+++ INPUT DATA

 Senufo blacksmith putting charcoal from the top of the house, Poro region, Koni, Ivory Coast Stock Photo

++++++
+++ INPUT DATA

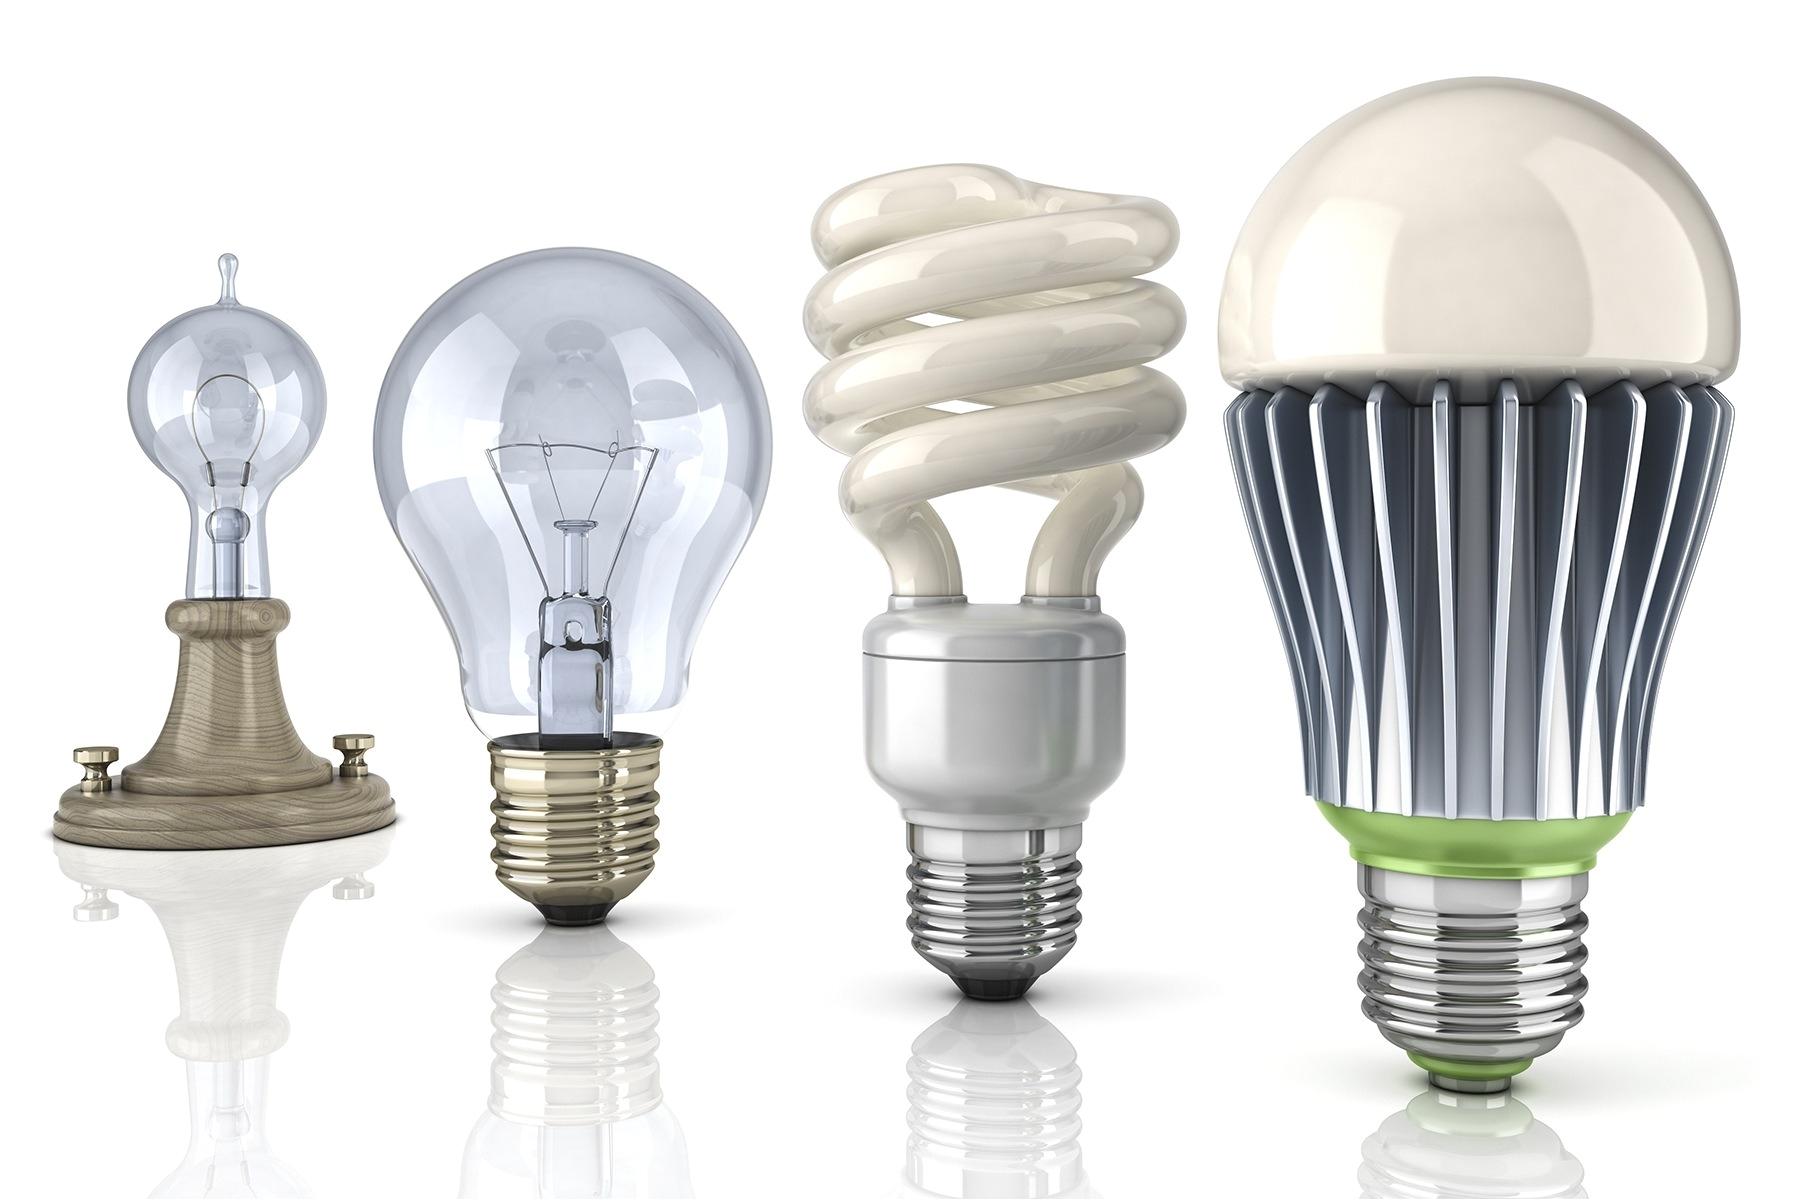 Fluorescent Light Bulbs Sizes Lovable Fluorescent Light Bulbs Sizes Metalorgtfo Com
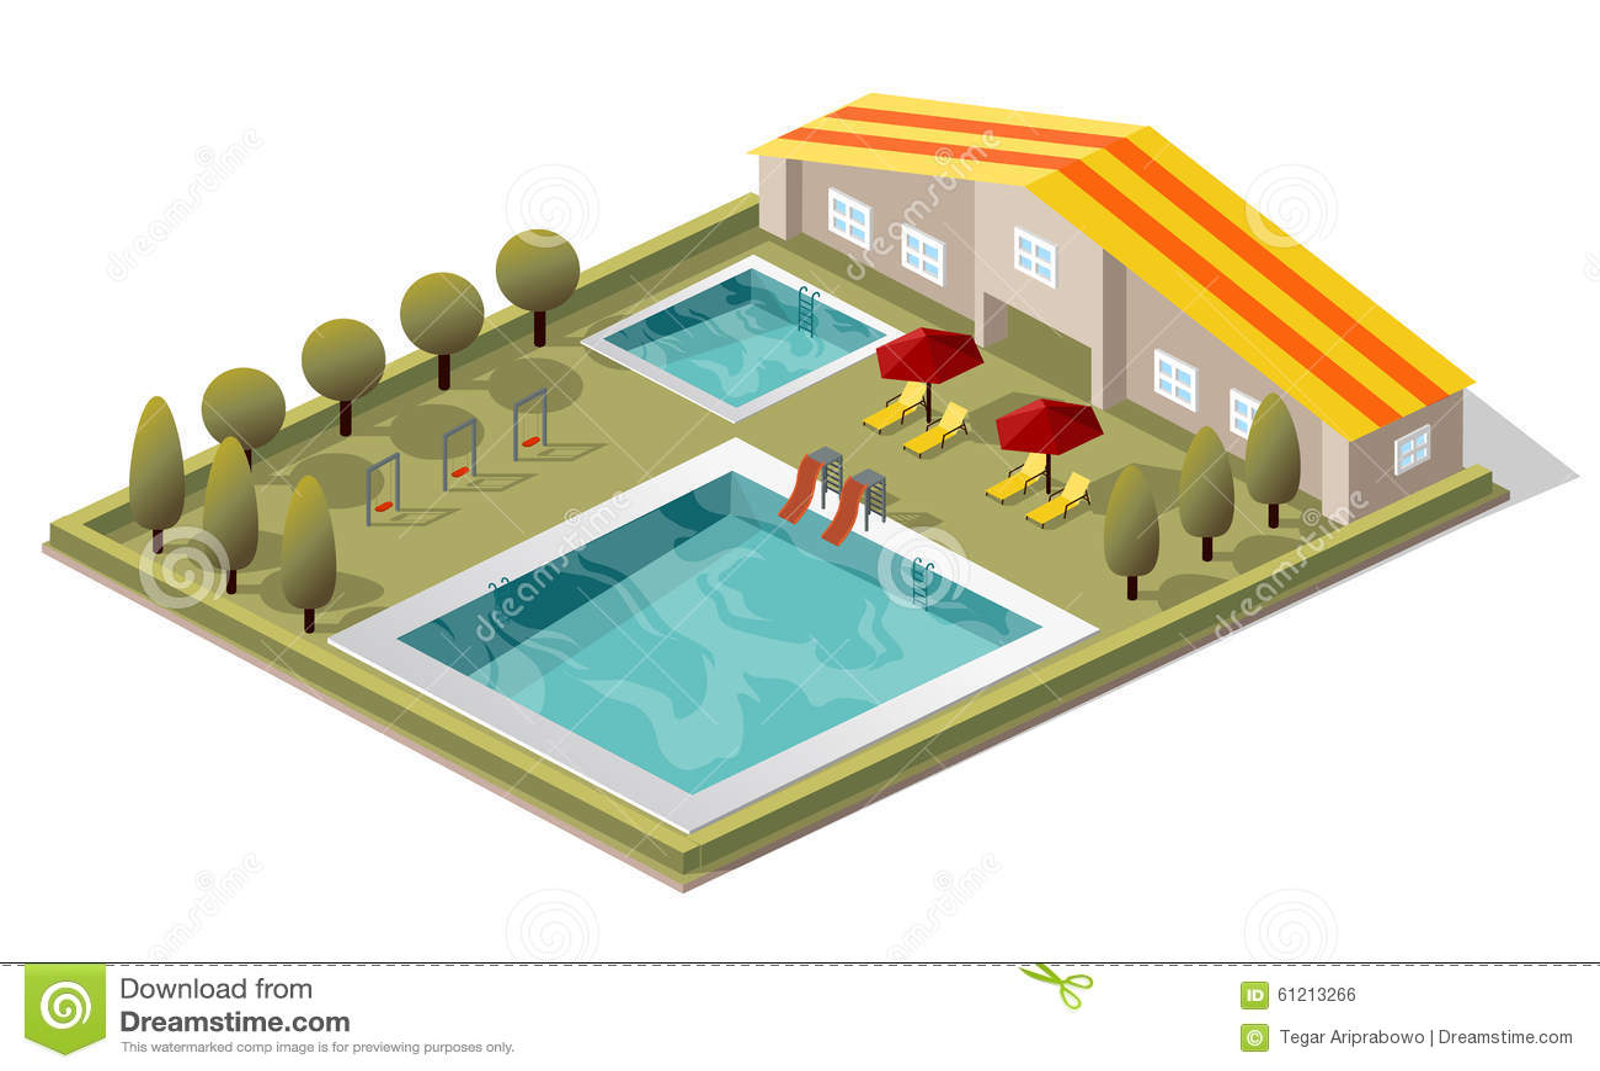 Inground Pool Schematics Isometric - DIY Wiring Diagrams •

++++++
+++ INPUT DATA

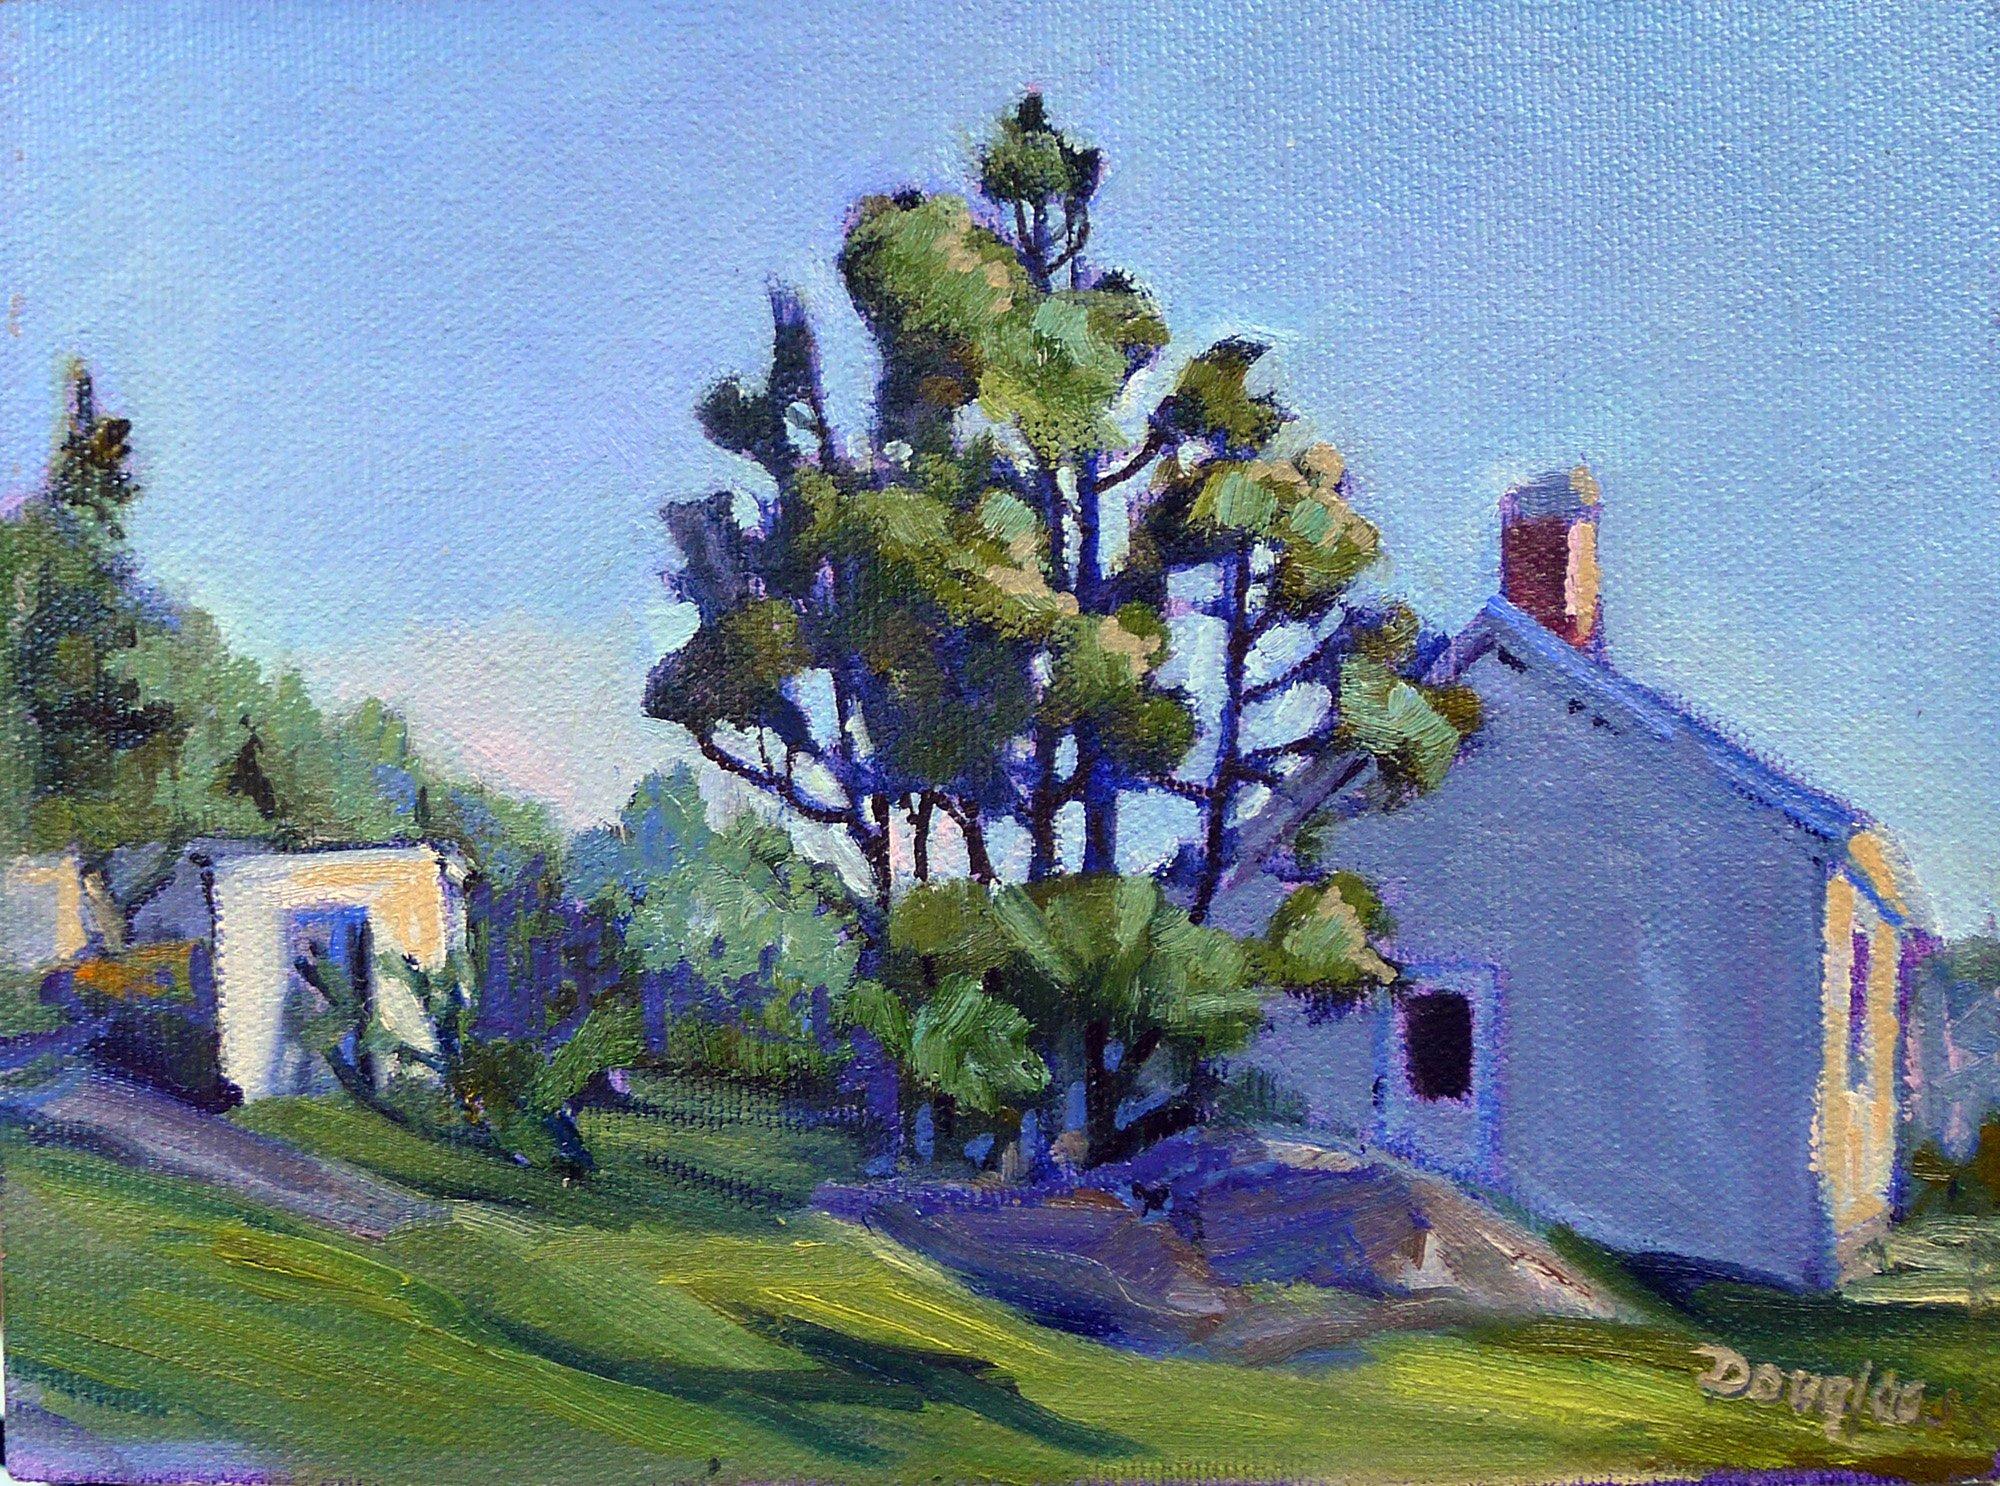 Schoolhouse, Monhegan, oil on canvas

++++++

## TO DO
Skipping every picture, transcribe exactly the lines above from the one containing "Fluorescent Light Bulbs Sizes Lovable" through the one containing "Inground Pool Schematics", both included.

## WRITTEN ANSWER
 Fluorescent Light Bulbs Sizes Lovable Fluorescent Light Bulbs Sizes Metalorgtfo Com
 Inground Pool Schematics Isometric - DIY Wiring Diagrams •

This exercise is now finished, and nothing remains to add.